Though The Art of Fielding is not about baseball per se, there are still large segments of the book devoted to the game. It is used as a metaphor for the human condition and is the frame around which the story is built.

Baseball has been referred to as the "national pastime" of the United States since the mid-1800s, though it is difficult to trace the exact origins of the sport. There are written references to the game that go back to the 1700s - most famously in Jane Austen's Northanger Abbey (1796) - although a French illustration dating from the 14th century depicts a similar ball and bat game. Most sources agree that baseball was imported to the U.S. by English and Irish immigrants as a game called "rounders" (also called "townball," "base" and "baseball"), and is related to the British sport cricket.

Elysian Fields 1866 The invention of baseball in its modern form was originally credited to Abner Doubleday, a Civil War hero who, in 1839, allegedly wrote the rules for the game. However, after much research and a decided lack of evidence, this notion has been discredited by historians as an urban myth.
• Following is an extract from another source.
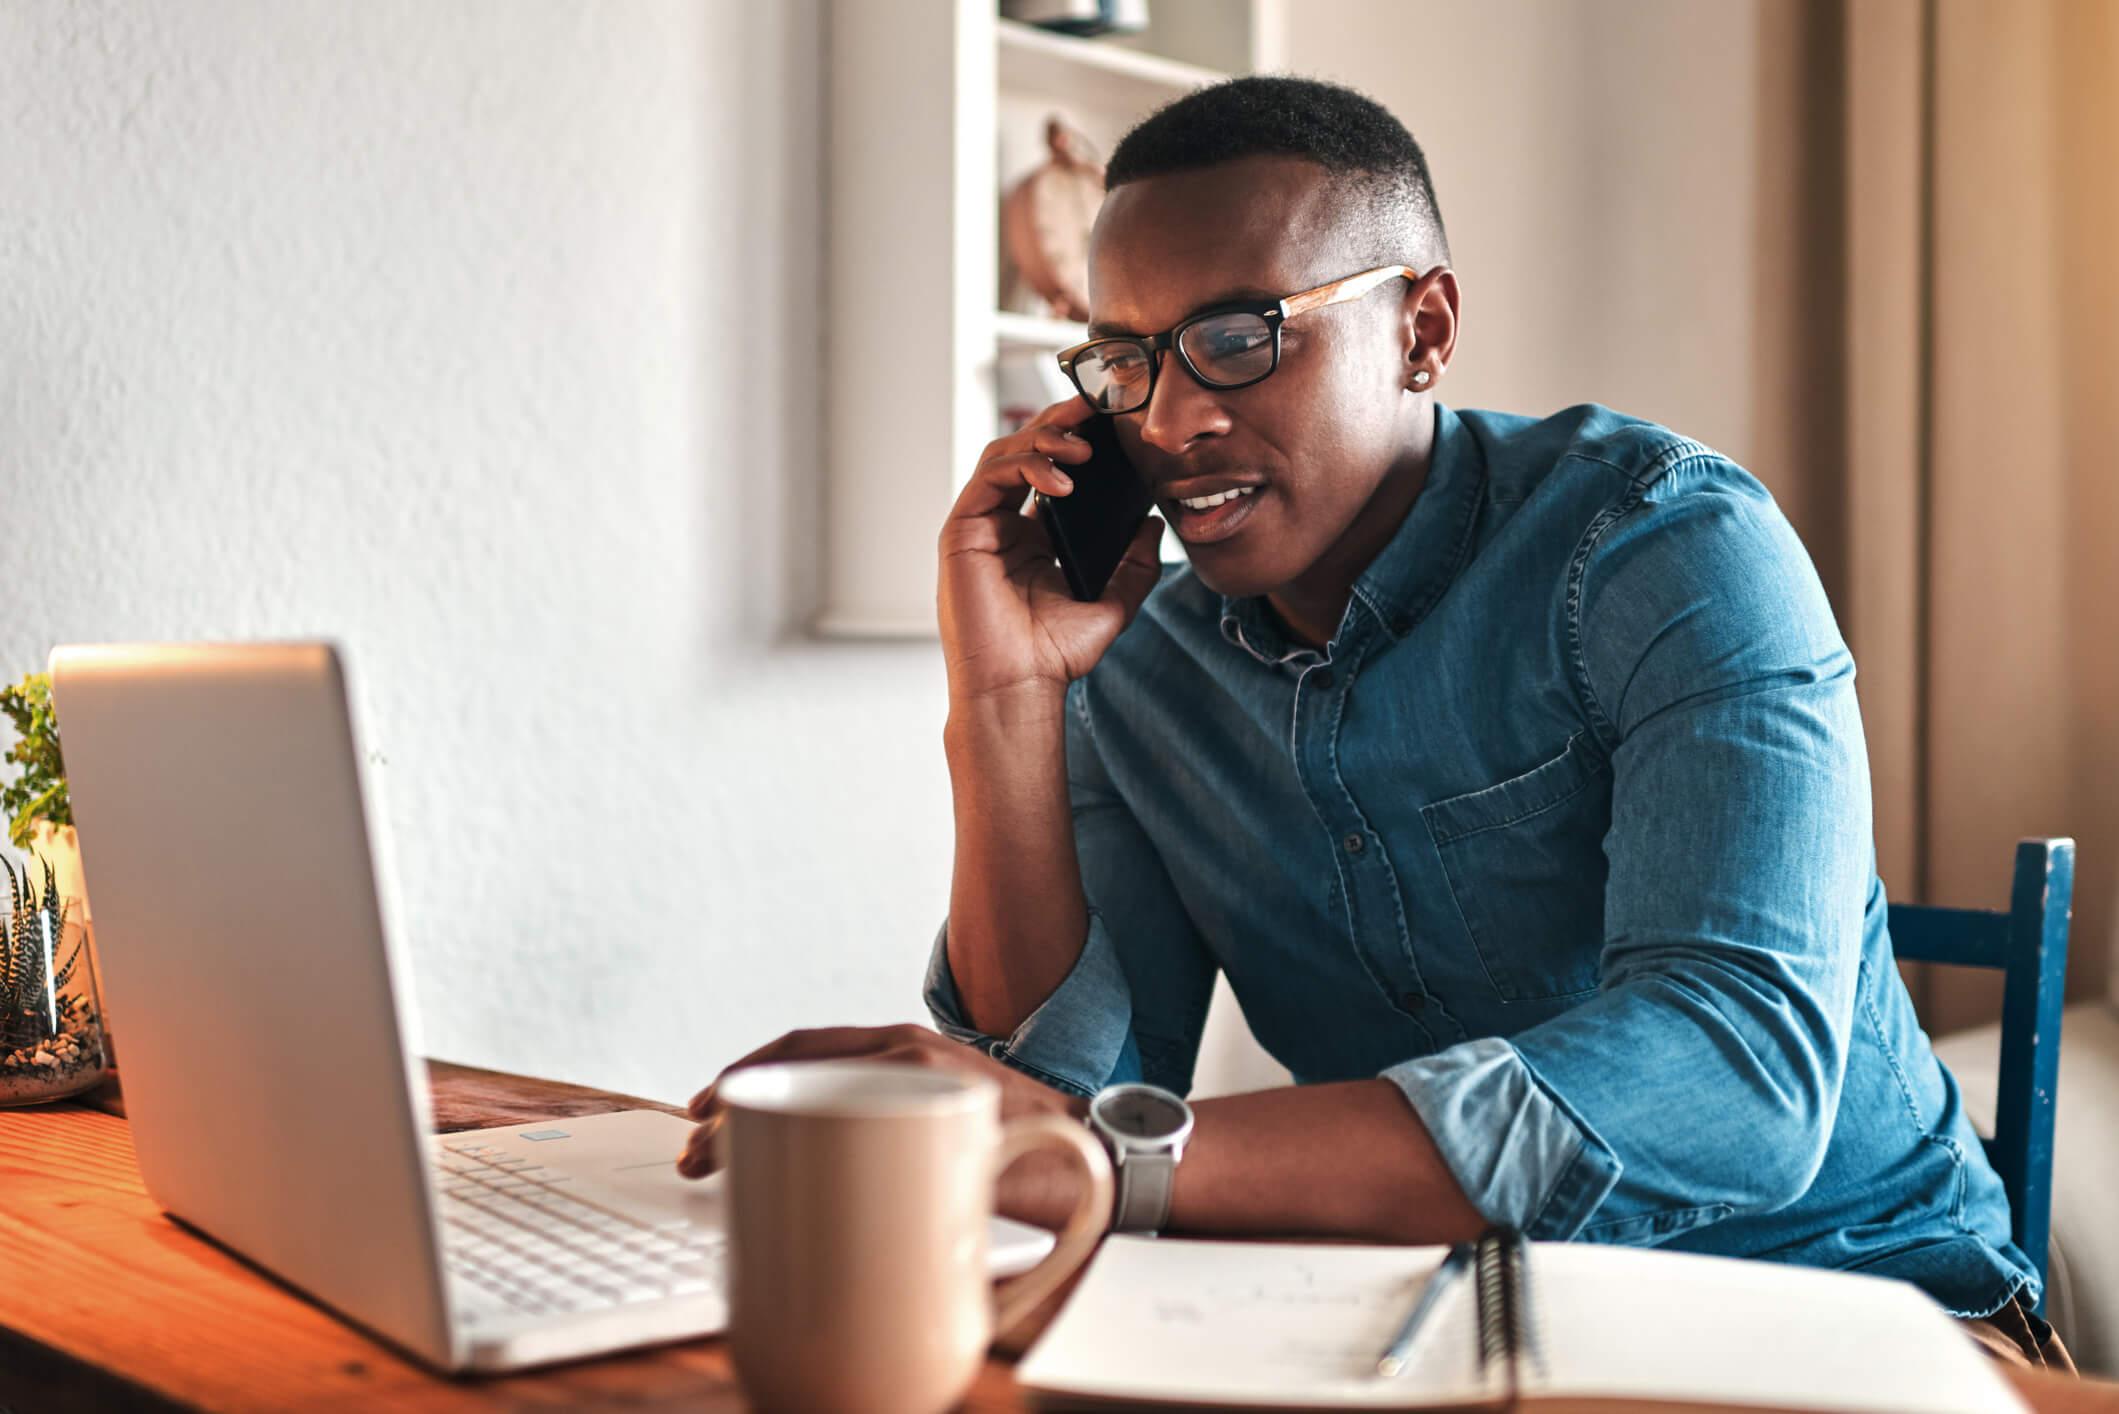 Man on phone using a laptop

Alexander Cartwright of the New York Knickerbockers Base Ball Club is generally recognized as the "father of baseball," having formalized the rules of the game and standardized the playing field in 1845. By 1869, the first open-salaried group of players formed, and so the Cincinnati Red Stockings became known as the first professional baseball team.
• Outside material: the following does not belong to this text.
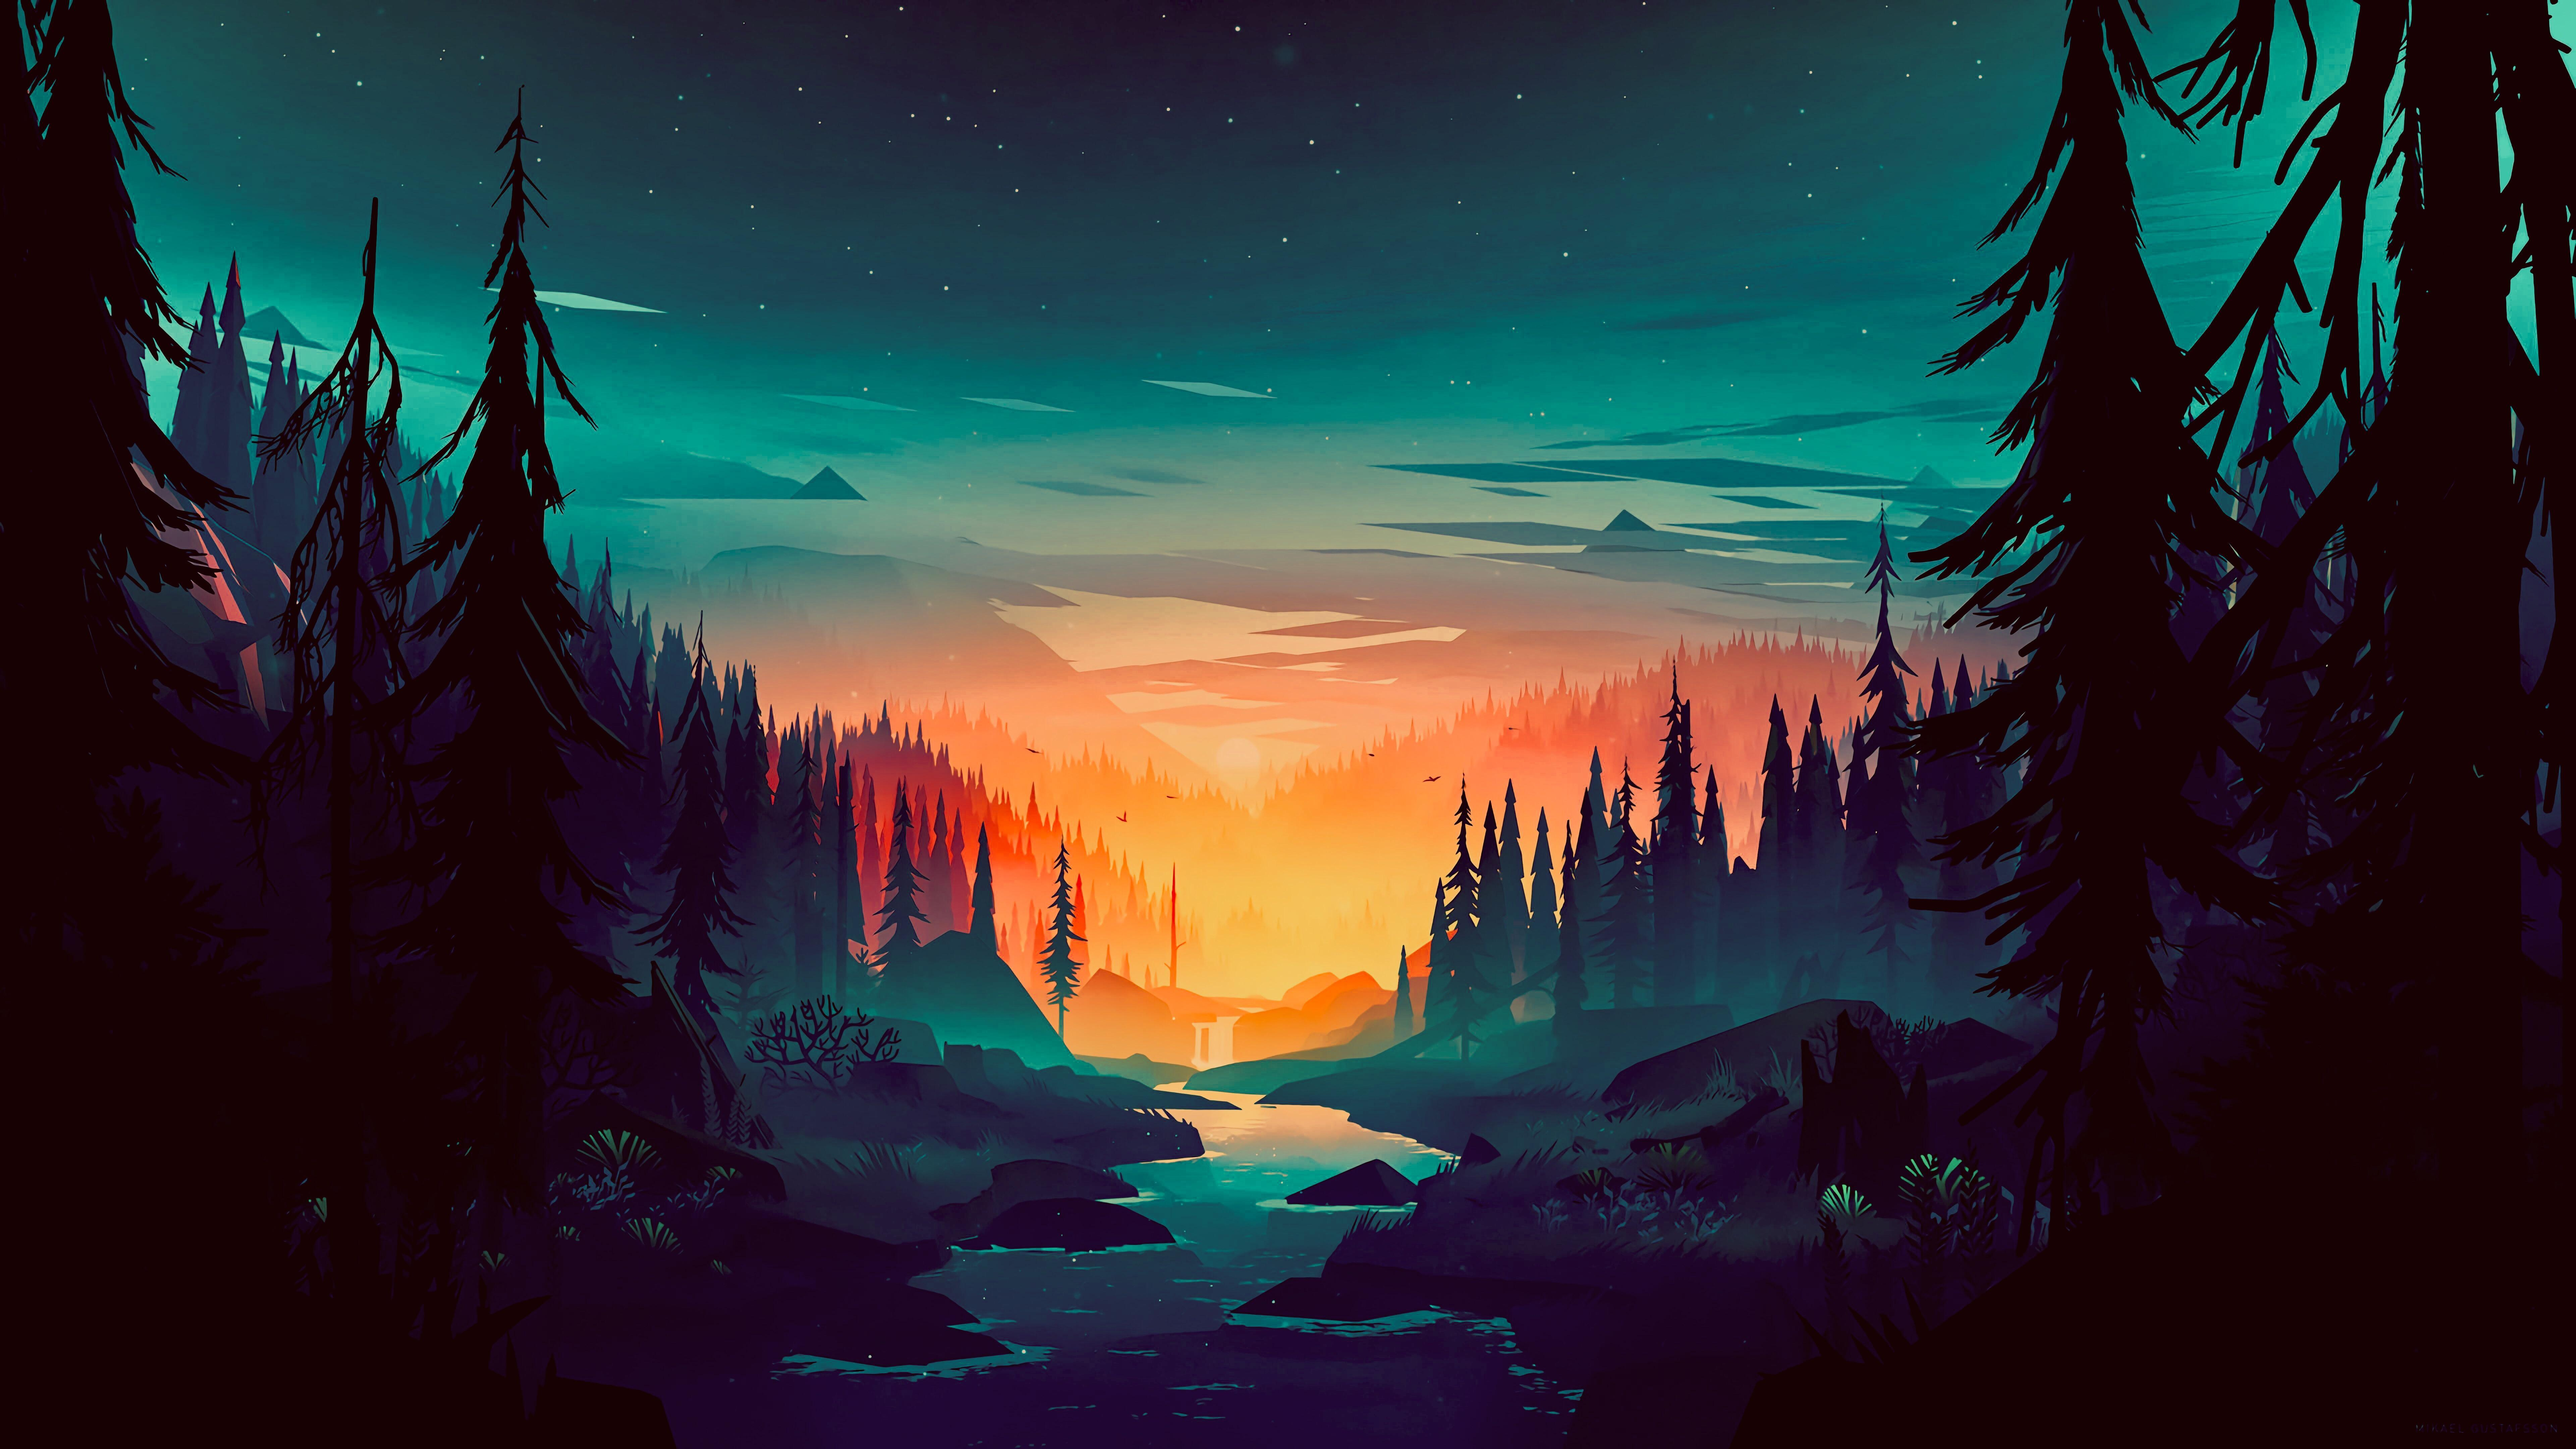 8k desktop wallpaper,sky,nature,natural environment,natural landscape,aurora

Knickerbockers Base Ball Club c.1847 Leagues of teams then began to form: the National League (NL) on the East Coast in 1876, and the American Association (AA) in the Midwest in 1882 (which incidentally became known as the Beer and Whiskey League because they offered cheaper ticket prices, were backed by breweries and distilleries, and sold alcohol at games - something the NL rules prohibited.)

Cy YoungThe AA eventually evolved into the American League (AL) in 1901, and after two years of bitter competition and player raiding, the AL and NL decided to "bury the hatchet" and played a series of interleague exhibition games at the end of the 1903 season. The two pennant winners, the NL Pittsburgh Pirates and the AL's Boston Americans (later known as the Red Sox), met as part of this exhibition in what is now considered the first World Series. Boston won 5 games to 3, with the infamous Cy Young pitching. The AL win added legitimacy to the league, and the NL and AL have faced off annually since 1905.


Top image: game at the Elysian Fields in Hoboken, NJ, c.1866
Middle image: the Knickerbocker Base Ball Club c.1847 (Alexander Cartwright, top middle)
Bottom image: Cy Young

Article by Kim Kovacs

This article was originally published in October 2011, and has been updated for the May 2012 paperback release. Click here to go to this issue.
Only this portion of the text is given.